Sequences

Sequence

A sequence is a function $p:\mathbb{N}\to X$.

Convergence

A sequence $\{p_n\}$ in a Metric Space $X$ is said to converge if there is a point $p\in X$ with the following property:

• For every $\epsilon >0$ there is an integer $N$ such that $n\ge N$ implies that $d(p_n,p)<\epsilon$. (Here $d$ denotes the distance in $X$.)
• $\forall \epsilon >0,\exists N\in \mathbb{N},n\ge N,d(p_n,p)<\epsilon$

In this case, $\{p_n\}$ converges to $p$, or that $p$ is the limit of $\{p_n\}$, and we write $p_n\to p$ or

$$\underset{n\to \infty }{\lim }{p}_n=p$$

If $\{p_n\}$ does not converge, then it must diverge. This sequence depends on the ambient space $X$.

Range

The set of all the points $p_n$ for $(n=1,2,3,\cdots )$ is the range of $\{p_n\}$. The range of a sequence may be a finite set, or it may be infinite.

$$\{p_n\mid n\in \mathbb{N}\}\subset X$$

The sequence $\{p_n{\}}_{n\in \mathbb{N}}$ is bounded if its range is bounded.

Theorem

Let $\{p_n\}$ be a sequence in a Metric Space $X$.

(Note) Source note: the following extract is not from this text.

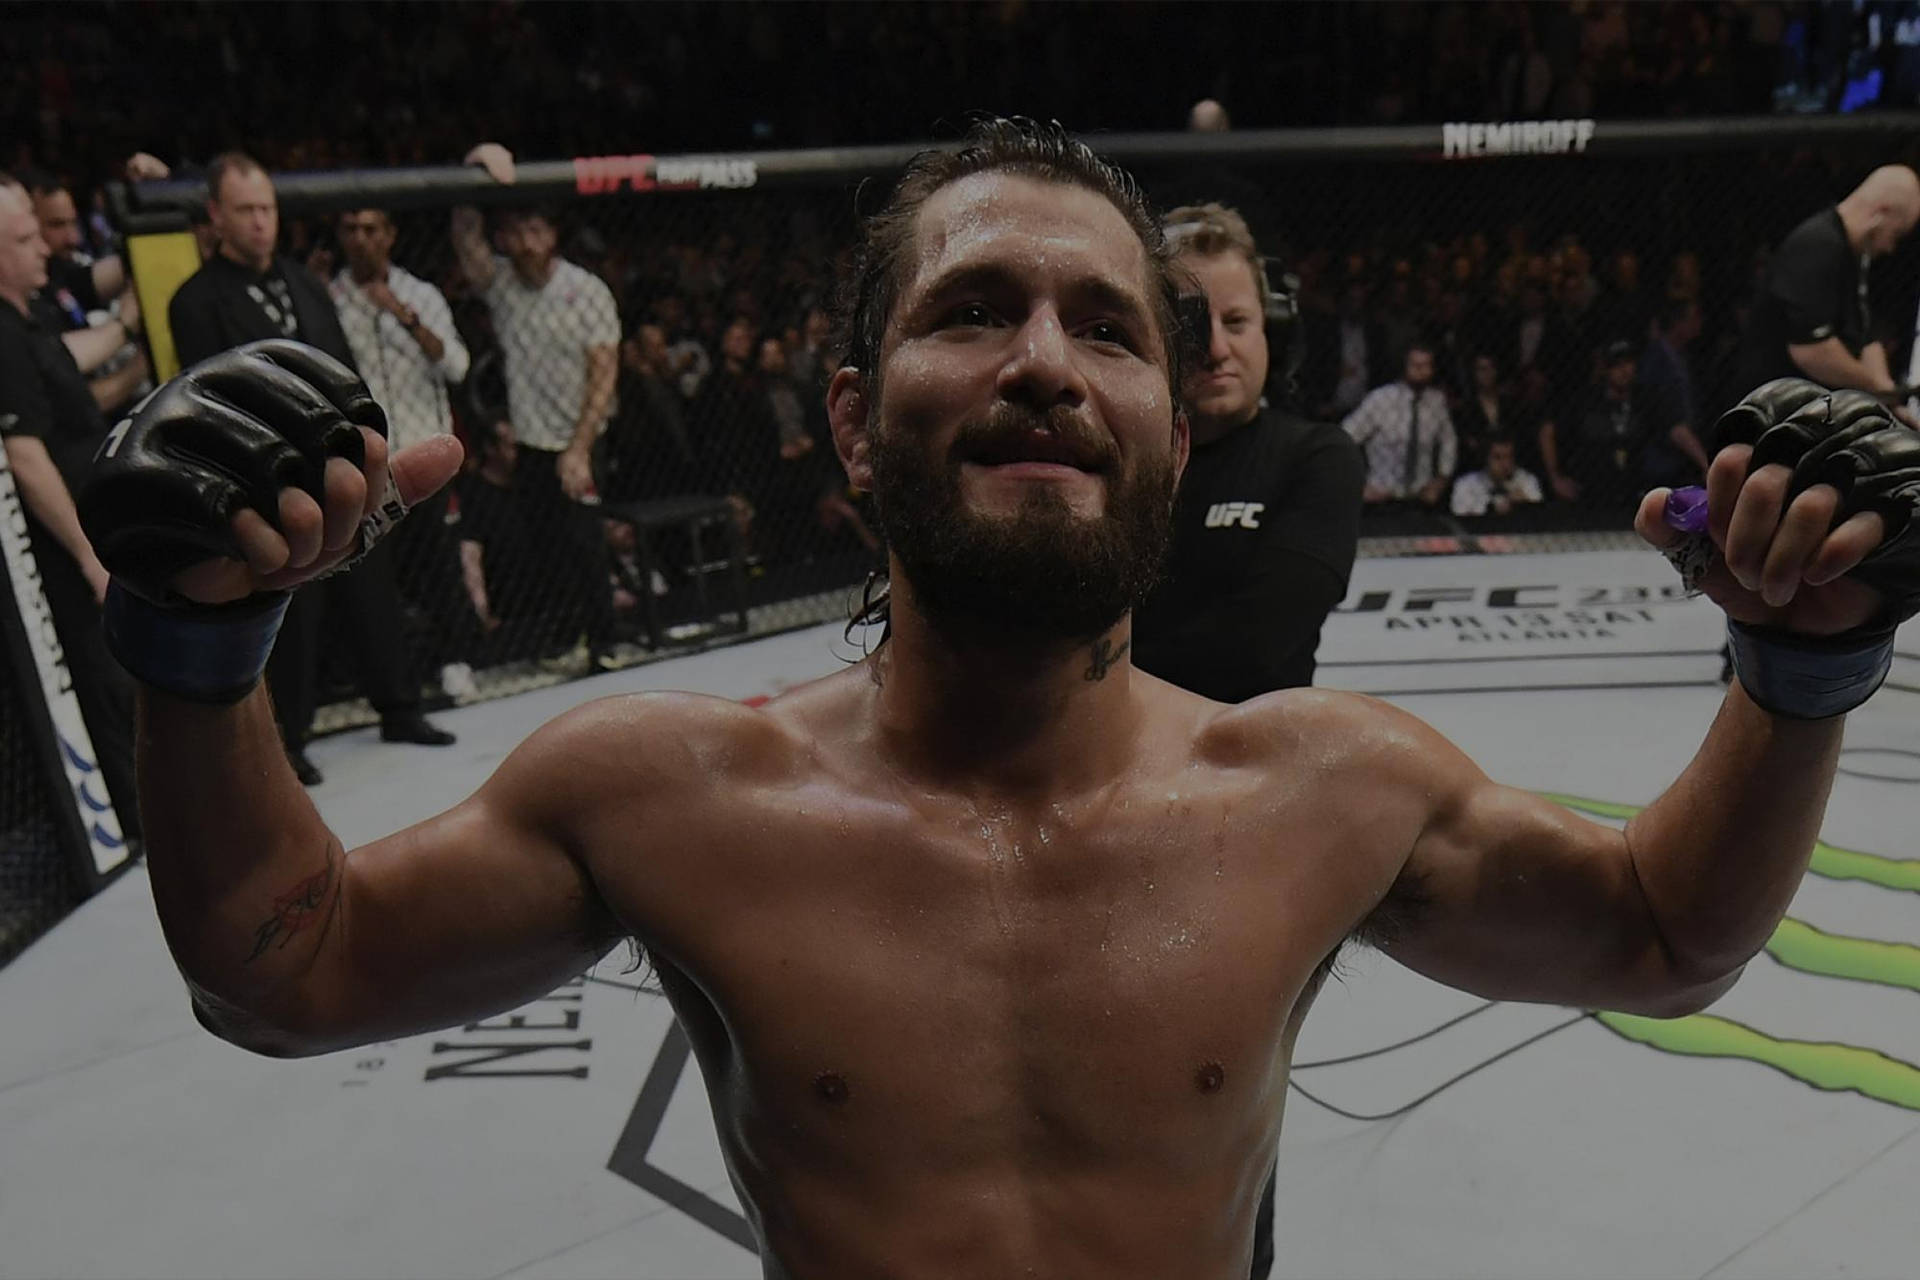 Jorgemasvidal Hands Up - Jorge Masvidal Höjer Händerna (referring To A Computer Or Mobile Wallpaper Featuring A Picture Of Jorge Masvidal With His Hands Up). Wallpaper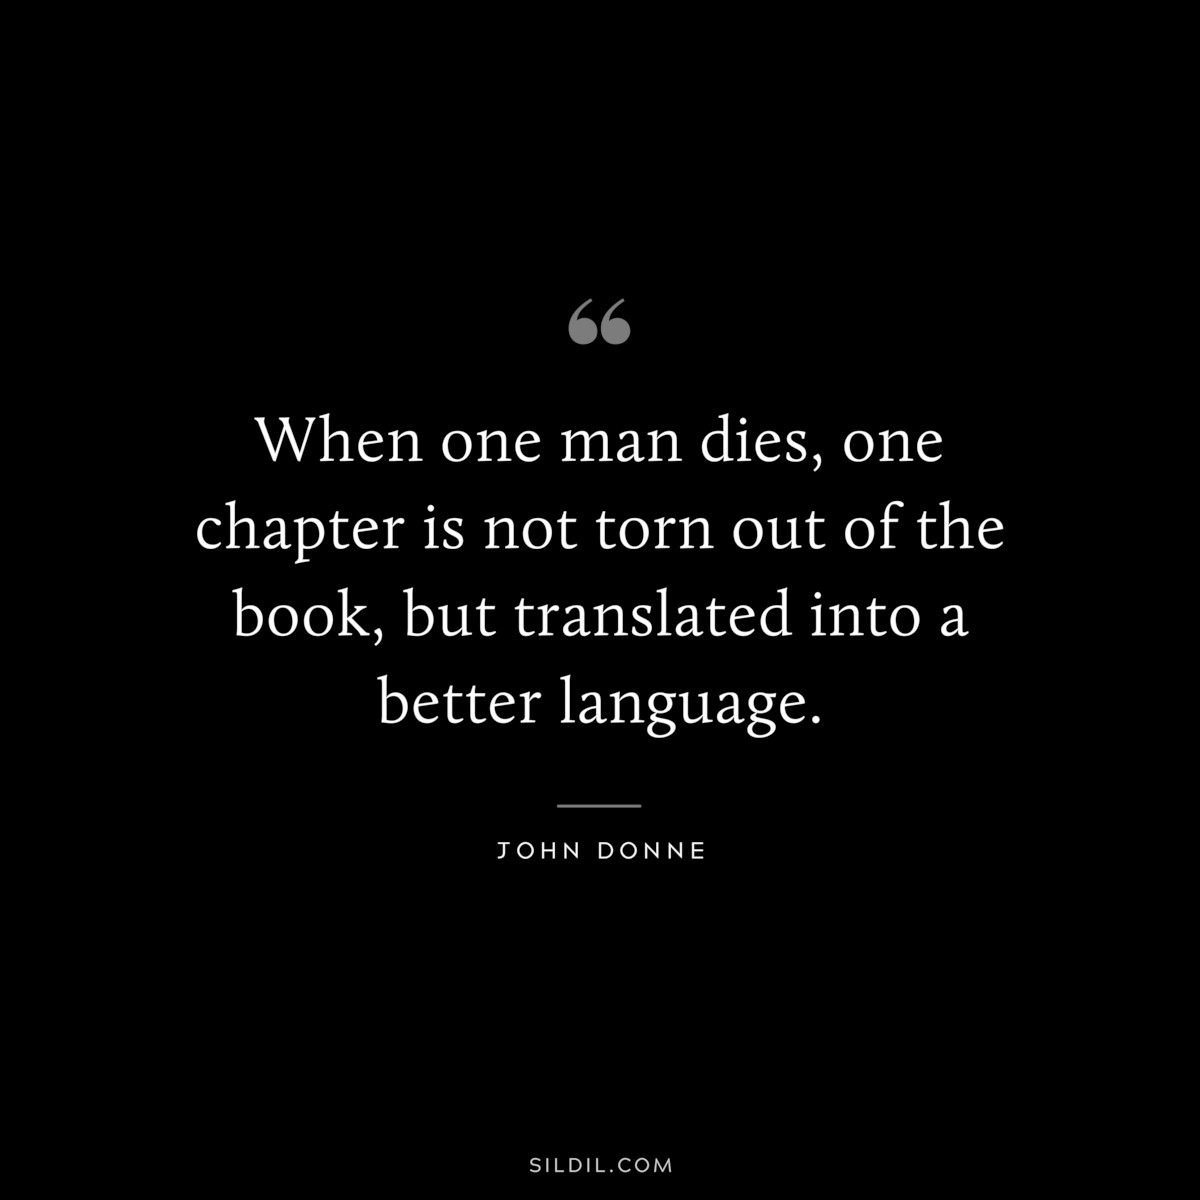 When one man dies, one chapter is not torn out of the book, but translated into a better language. ― John Donne

1. $\{p_n\}$ converges to $p\in X$ if and only if every neighborhood of $p$ contains $p_n$ for all but finitely many $n$.
2. If $p\in X,p^{\prime }\in X$ and if $\{p_n\}$ converges to $p$ and to $p^{\prime }$, then $p=p^{\prime }$.
3. If $\{p_n\}$ converges, then $\{p_n\}$ is bounded
4. If $E\subset X$ and if $p$ is a limit point of $E$, then there is a sequence $\{p_n\}$ in $E$ such that

$$p=\underset{n\to \infty }{\lim }{p}_n$$

Proof: $(1)$ Suppose $p_n\to p$. Then,

$$\begin{array}{rl}{p}_n\to p& ⟺\forall \epsilon >0,\exists n\in \mathbb{N},\forall n\ge \mathbb{N},d(p_n,p)<\epsilon \\ & ⟺\forall \epsilon >0,\exists n\in \mathbb{N},\forall n\ge \mathbb{N},p_n\in N_{\epsilon }(p)\\ & ⟺\text{all but finitely many of the n’s satisfy pn∈Nr(ε)}\end{array}$$

$(2)$ Suppose $p_n\to p$ and $p_n\to q$. Suppose $p\ne q$. Then $d(p,q)>0$. Let

$$\epsilon =\frac{d(p,q)}{2}$$

• Then since $p_n\to p$, then $\exists N_1\in \mathbb{N},\forall n\ge N_1$ such that $d(p_n,p)<\epsilon$
• Then since $p_n\to q$, then $\exists N_2\in \mathbb{N},\forall n\ge N_2$ such that $d(p_n,q)<\epsilon$ Let $N=\max \{N_1,N_2\}$. Then $\forall n\ge N$,

$$d(p,q)\le d(p,p_n)+d(p_n,q)<\epsilon +\epsilon =2\epsilon =d(p,q)$$

which is a contradiction.

$(3)$ Convergence $⟹$ bounded Assume $p_n\to p$. Let $\epsilon ={\pi }^{\sqrt{2}}>0$. Then $\exists N\in \mathbb{N}$ such that $\forall n\ge N,d(p_n,p)<{\pi }^{\sqrt{2}}$. Let

$$R_1=\max \{d(p_m,p)\mid m=1,\cdots ,N-1\}$$

Now let $R=\max \{R_1,{\pi }^{\sqrt{2}}\}+1>0$ and $\forall n\in \mathbb{N}$,

$$\begin{array}{rl}d(p_n,p)<R& ⟺p_n\in N_R(p),\forall n\in \mathbb{N}\\ & ⟺\{p_n\}\text{ boudned}\end{array}$$

$(4)$ Let $p\in A^{\prime }$. Then $\forall n\in \mathbb{N},\exists p_n\in N_{1/n}(p)\cap A$. I claim $p_n\to p$. Let $\epsilon >0$ and let $N\in \mathbb{N}$ be such that $\frac{1}{n}<\epsilon$ by Archimedean Property. Then $\forall n\ge N$,

$$p_n\in N_{1/n}(p)⟺d(p_n,p)<\frac{1}{n}\le \frac{1}{N}<\epsilon$$

Use the fact that $N_{1/n}(p)$ is nonempty, and so pick a point for all $n\in \mathbb{N}$ to build a sequence.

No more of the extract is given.